The world-wide carbon credit sell is promising to become a significant source of funding for development projects across the world. However, the amount of money that can be sounded from this marketplace currently depends on how “charismatic” the projects — for which funding is being raised — are. Mahua Acharya, MD and CEO, Convergence Energy Work( CESL ), tells FE’s Anupam Chatterjee how the company’s LED programme has become particularly important after the COP 26 UN Climate Change Conference held in Glasgow in November 2021, where India constructed its 2070 net zero bulletin. Edited excerpts:
How do you think the world carbon recognition grocery is influencing up?
There is no one single market for carbon credits. While there are sovereign groceries, “theres been” the voluntary marketplace. We are using the voluntary marketplace for now. Private companionships have been preferring the voluntary market where rates of carbon recognitions vary significantly, from as low-grade as 10 pennies to $80 as pricing depends on various factors. The busines width for carbon approvals trading is around $ 300 billion per year, and this is set to become twice as enormous. The conformity market, though much larger as of now, is mostly restricted to internal transactions within EU nations.
How are these rates defined?
“Charismatic projects”, such as those which address poverty alleviation and increase women’s empowerment, tend to fetch higher costs. Projections such as rendering three-wheeler electrical vehicles, though they affect people’s lives and impact employments, have no specific guidelines for carbon credits. After Glasgow, along with India’s 2070 net zero edict, CESL’s LED programme becomes particularly important.

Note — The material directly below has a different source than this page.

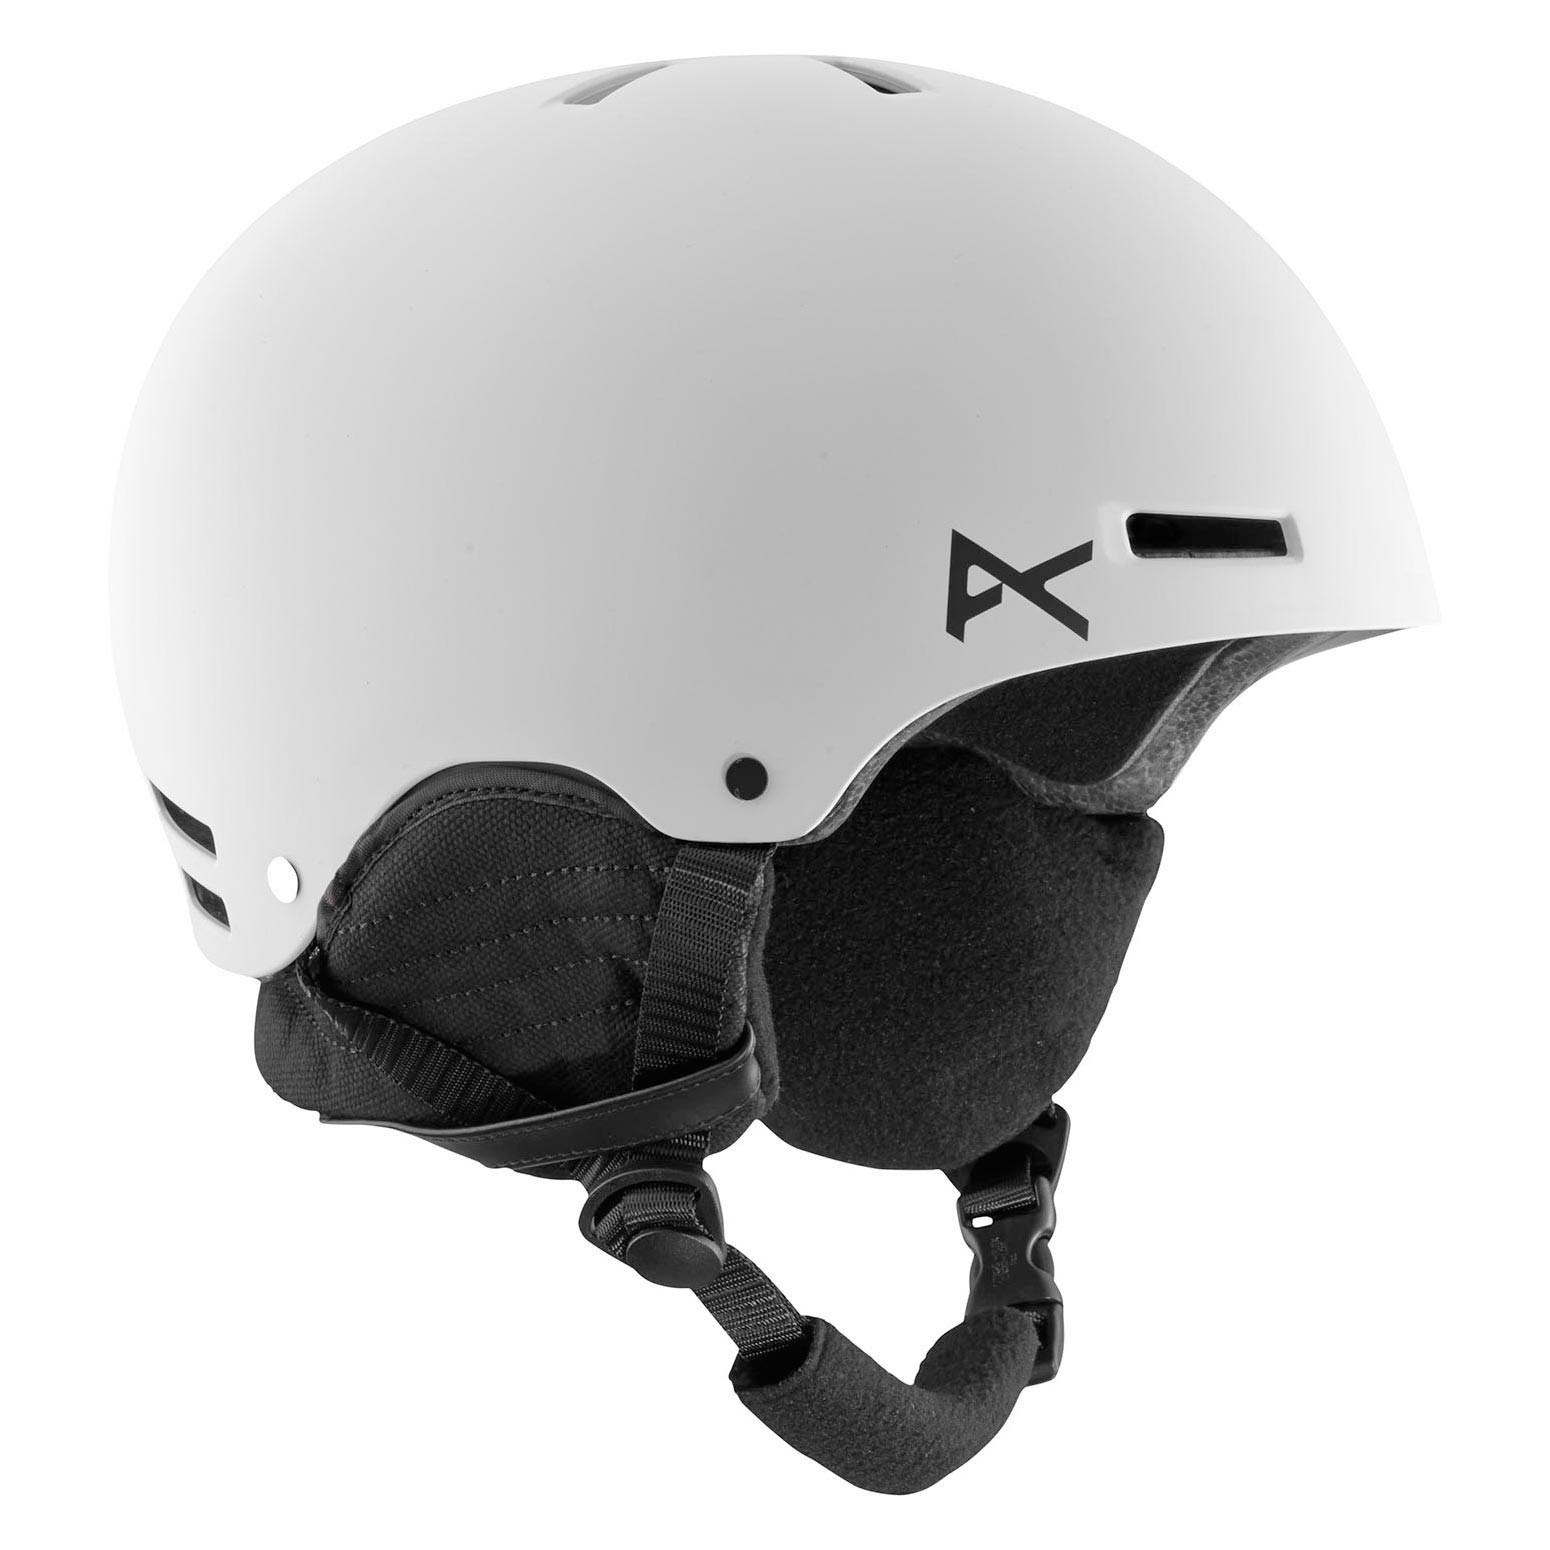 Helma Anon Raider white vel.XL 16/17 + doručení do 24 hodin

What is the status of CESL’s LED distribution programme and how does it aim to gain from the world-wide carbon trading busines?
We charge Rs 10 for each LED bulb in exchange for an incandescent bulb. The premium of the LED bulb we supply is around Rs 85, and there are other expenses of around Rs 15, taking the total cost to Rs 100. We have reached around 15 lakh by now, and the target is to distribute 1 crore LED light-headeds by March. After it is done, the process to issue carbon recognitions for the programme would begin, and is expected to be completed by July. We are hoping to sell the credits in world markets by August, where we are expecting a price of around$ 3- $3.5 per carbon credit.
Do you wish to take up such programmes all by yourself?
It would be great if state governments also actively participate in CESL’s programmes. Now, the capex of the programmes is borne by CESL. If state governments shared the capex, they can also gain from the earnings from carbon approvals or simply invest in energy efficiency. We are planning to reach out to the states to show them clearly how the mechanism works.
How are things in the other areas where CESL is operating?
For our EV bus programme, where we are the demand aggregators, we have received lineups from Hyderabad, Bengaluru, Delhi and Surat. We are also expecting lineups from Chennai, Ahmedabad and Kolkata. We will also considered extremely stimulated to get lineups from Mumbai and Pune as well. Altogether, we expect to place orders for more than 5,000 EV buses.
For the EV three-wheeler programme, we have already closed the tender and have discovered costs which are 20 -2 5% lower than the market paces. There are at present six finalists. The demand is a lot more than what we had expected earlier. We are currently speaking with financial entities and working out ways to fund the procurement.